On Wed, 2026-02-11 at 23:22 +0000, Matthew Brett via NumPy-Discussion
wrote:
> Hi,
> 
> On Wed, Feb 11, 2026 at 11:02 PM Lucas Colley via NumPy-Discussion <
> [email protected]> wrote:
> 
> > Hi Matthew,
> > 
> > That all sounds reasonable to me so far, but what are the next
> > steps?*
> > 
> > > put a heavy requirement on contributors to either a) write the
> > > code
> > themselves, perhaps having asked for preliminary analysis (but not
> > substantial code drafts) from AI
> > 
> > Is this enforceable to a significant extent? If not, in what sense
> > could
> > it pose a genuinely ‘heavy requirement’?
> > 
> > > or b) write the code with AI, but demonstrate that they have done
> > > the
> > research to establish the generated code does not breach copyright.
> > 
> > Perhaps this is more enforceable? But to be honest it is still
> > quite
> > unclear to me how I would establish with certainty that code I’ve
> > had
> > generated does not breach copyright, much less code that is being
> > presented
> > to me by a contributor. Do you see how to realise a ‘heavy
> > requirement’
> > here?
> > 
> > I agree with the spirit of the thought that the burden (if it is to
> > exist)
> > needs to be shifted away from maintainers, but it’s unclear to me
> > how we
> > can actually shift it elsewhere.
> > 
> > As we discussed last year, I think we have a start at a decent
> > argument
> > towards including a checkbox in PR templates which contributors
> > must tick
> > to state that they recognise the risk of copyright violation via
> > LLM
> > generated code and take responsibility for the code they are
> > submitting:
> > https://github.com/matthew-brett/sp-ai-post/issues/2#issuecomment-2935428854
> > .
> > 
> > Even there though, there are still multiple debatable premises. Of
> > course,
> > we can hardly aim for some sort of logical proof of the right way
> > forward,
> > but I think we need more focused attention and argument towards a
> > specific
> > and understandable goal if we are to be able to come to consensus
> > on some
> > concrete steps forward. It is to this thread's merit that the
> > discussion
> > has been so varied and touched on many topics, but it is also
> > demonstrative
> > of the problem that broad and vague back-and-forths don’t really
> > help
> > settle on anything concrete.
> > 
> 
> Just to clarify - in case it wasn't clear, what I'm floating as a
> proposal,
> would be something like this, as a message to PR authors:
> 
> Please specify one of these:
> 
> 1) I wrote this code myself, without looking at significant AI-
> generated
> code OR
> 2) The code contains AI-generated content, but the AI-generated code
> is
> sufficiently trivial that it cannot reasonably be subject to
> copyright OR
> 3) There is non-trivial AI-generated code in this PR, and I have
> documented
> my searches to confirm that no parts of the code are subject to
> existing
> copyright.
> 

While I am not particularly enthusiastic about focusing on copyright,
adding such a checkbox on a PR, I would be happy with.
(If it was focused on copyright, then it seems to me we would need to
ask more things, like "I used a source, but it had no code" to "I used
a source with code but I checked it's license". If we want this, I
would prefer a single fuzzy sentence that links out to elsewhere that
can also discuss pitfalls around copyright+AI.)

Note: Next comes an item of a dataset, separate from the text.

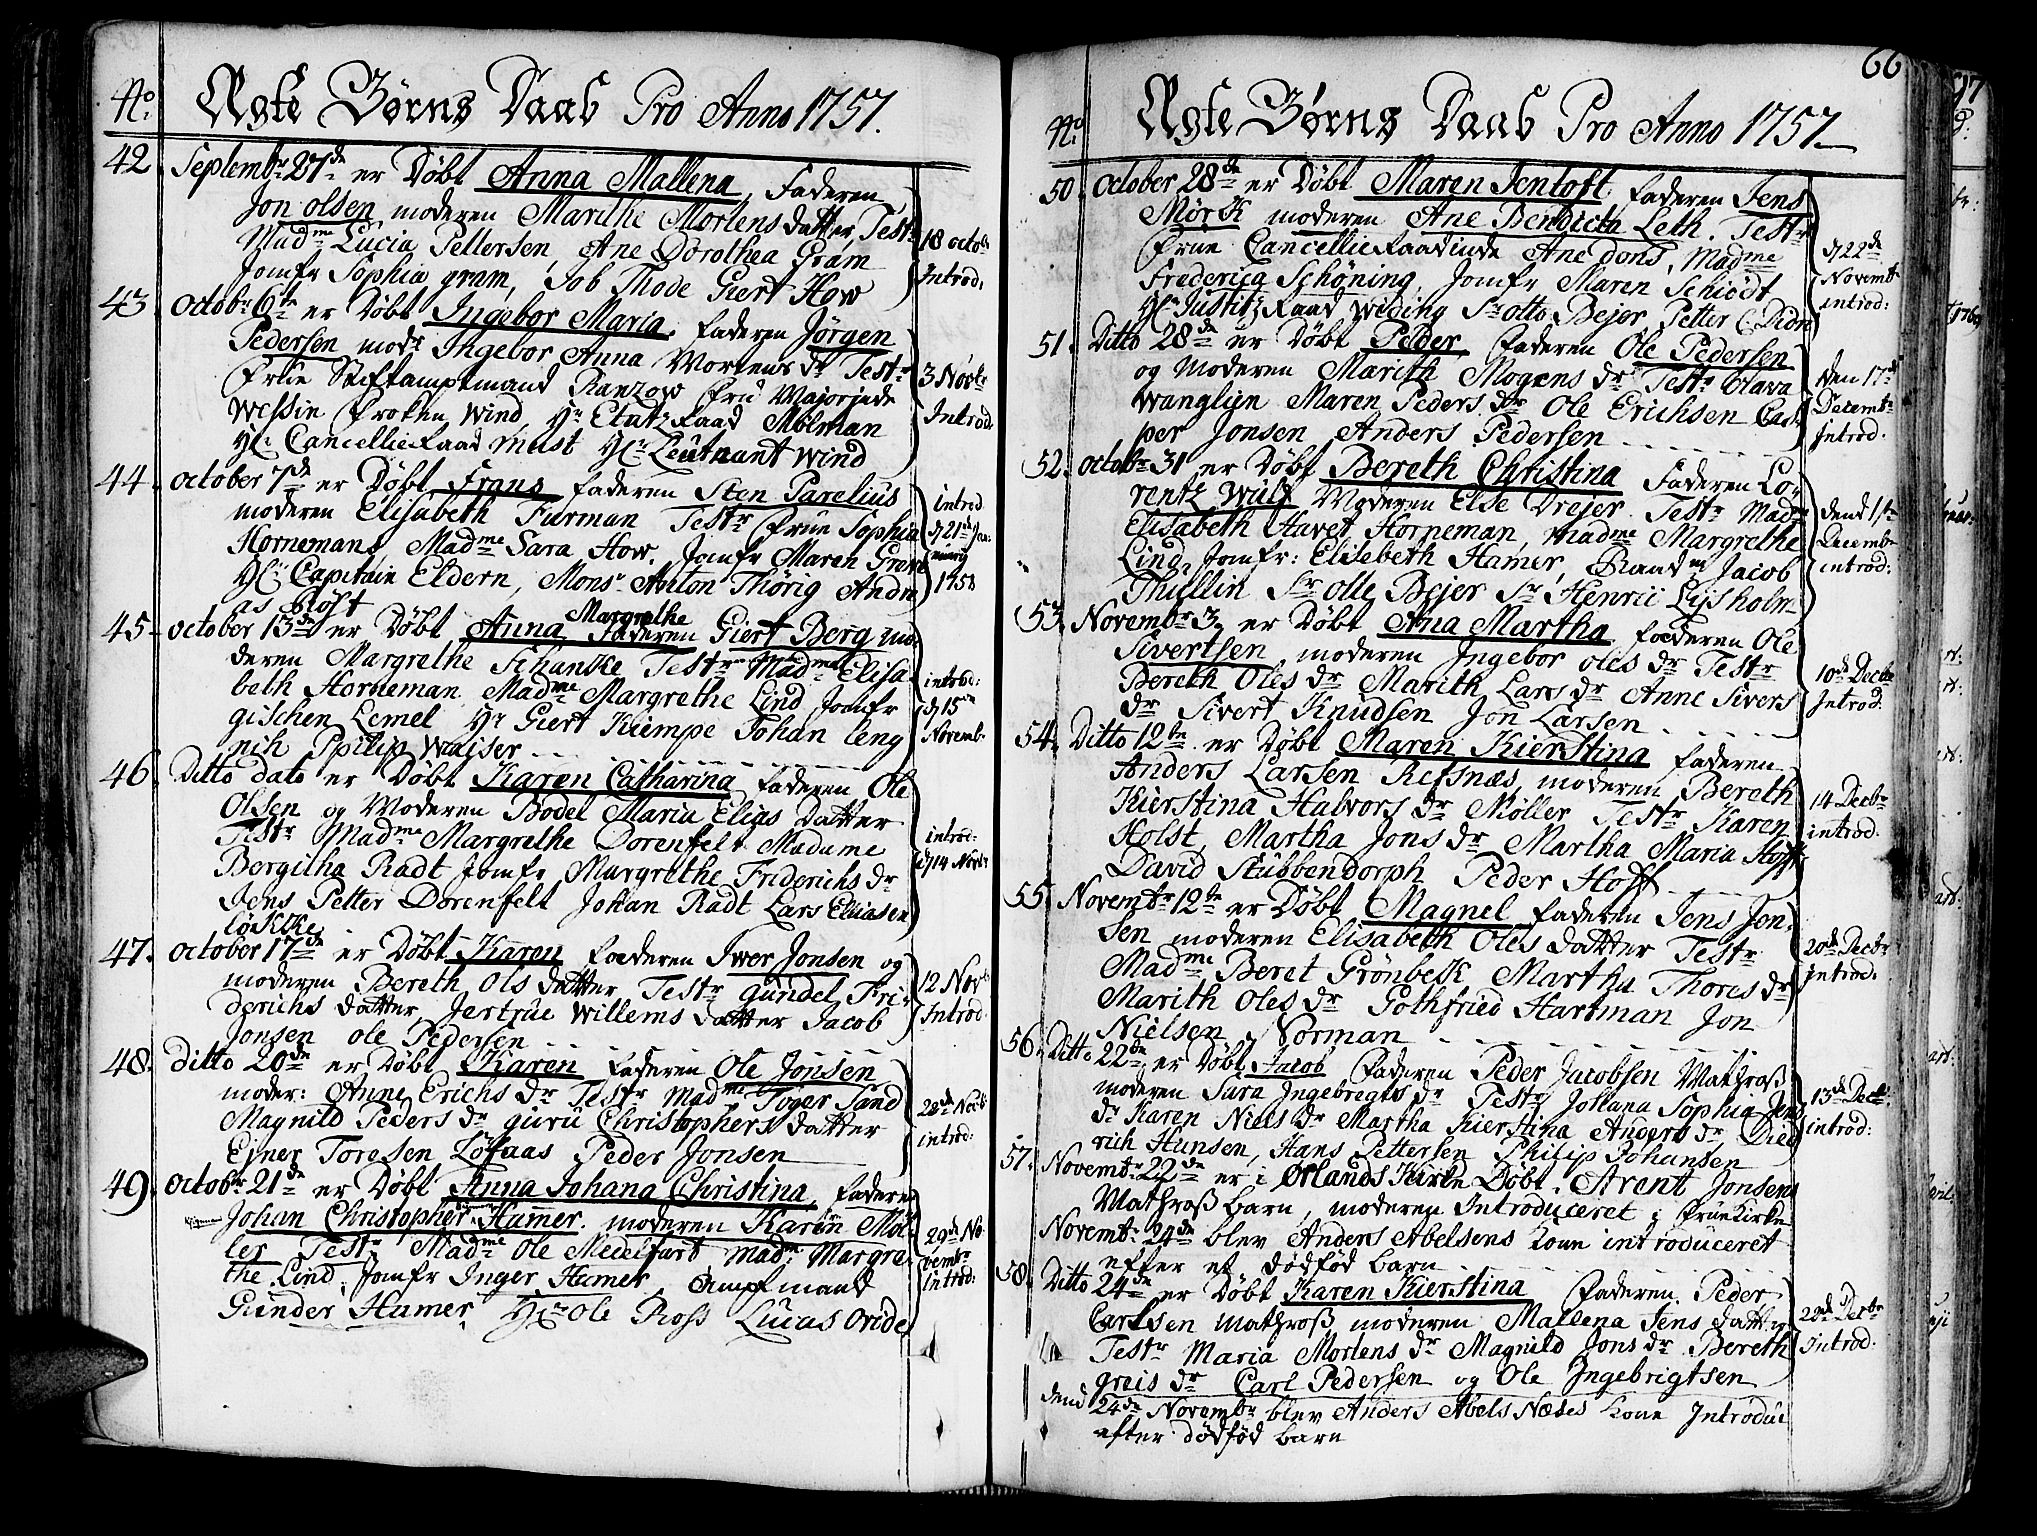 SAT, Ministerialprotokoller, klokkerbøker og fødselsregistre - Sør-Trøndelag, 602/L0103: Parish register (official) no. 602A01, 1732-1774, p. 66
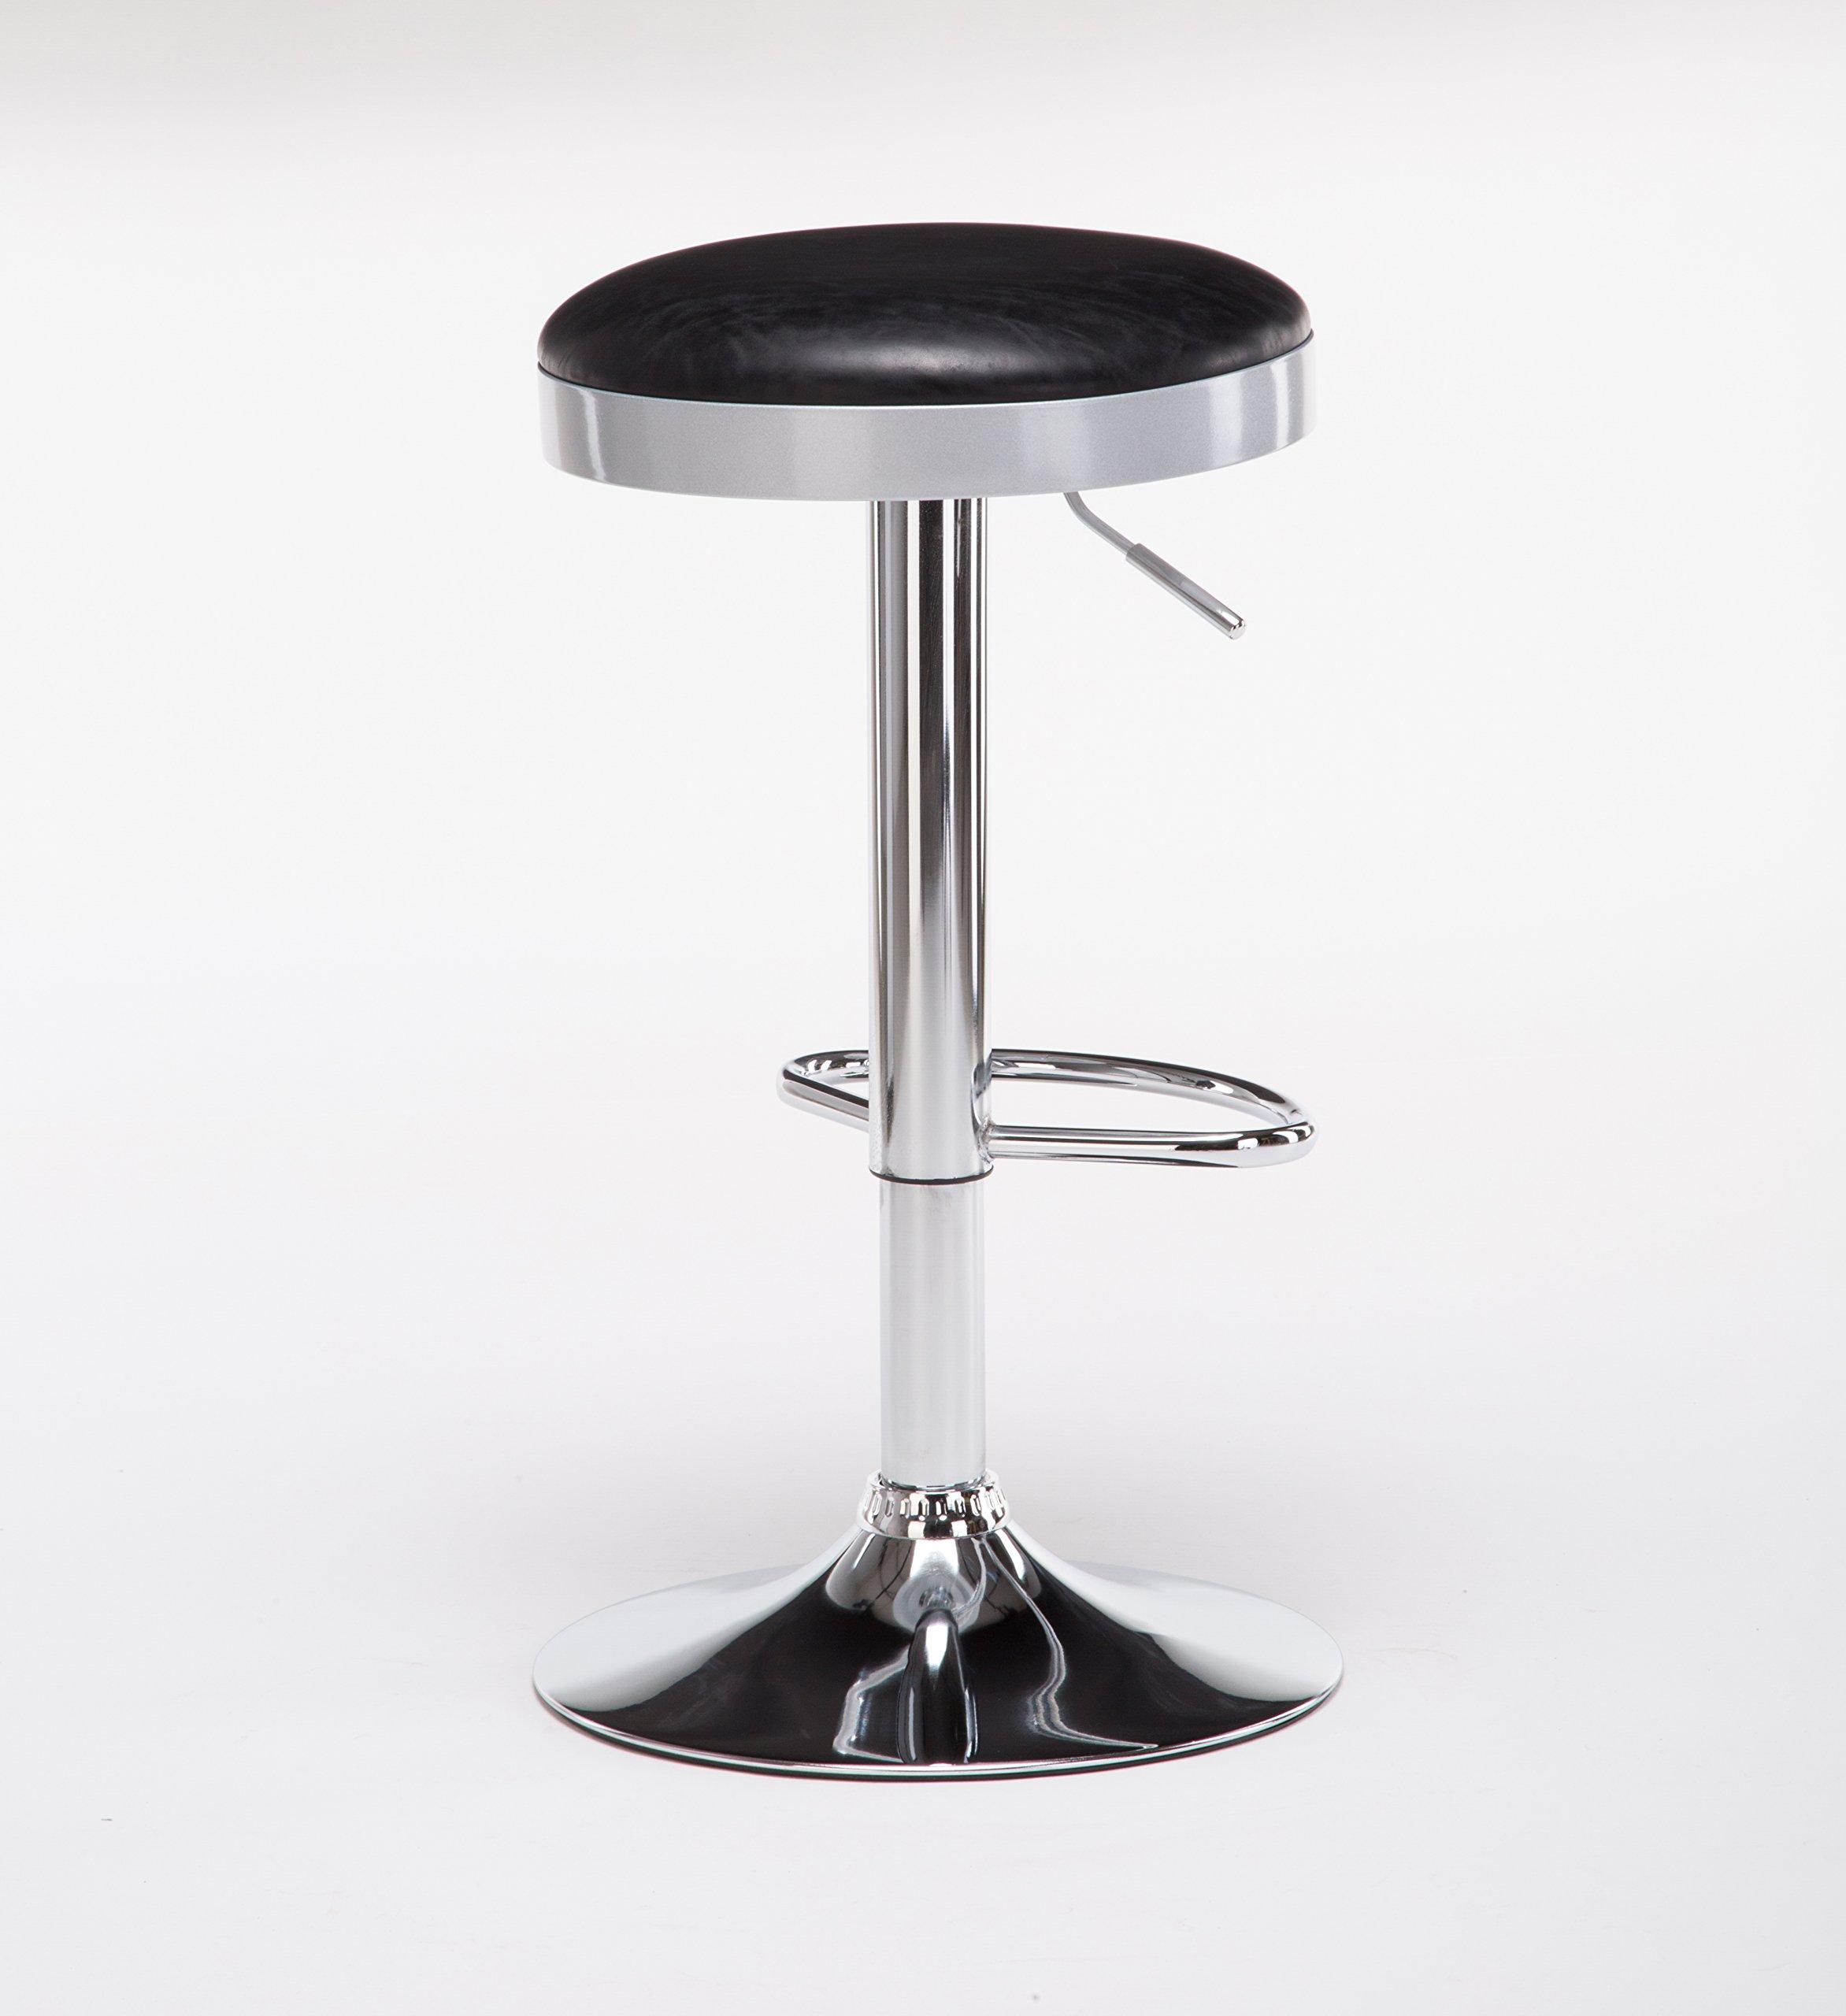 Boraam  Copley Backless Stool, 1-Pack, Adjustable Height, Black by Boraam (Image #4)

Not sure that asking for a checkbox there will be honored, but I like
the thought.
First, it will increase the chance of getting the information (which I
want as a reviewer).
Second, my unfortunate feeling is that we'll get more aggressively/less
friendly about closing PRs and that is a shame, and having the checkbox
makes that pat a bit easier on us and maybe also more transparent to
the user that we are struggling with this (the worry of course is
closing a genuine human PR by accident).

I think I largely understand the concerns around copyright and maybe I
am a bit not careful/understanding enough by not being overly
worried?...
But to my very personal feeling the product of how much I feel we
should worry and how much I feel that stressing issues will help us as
a project/open source just doesn't make me enthusiastic about being
aggressively to pointing it out these possible issues.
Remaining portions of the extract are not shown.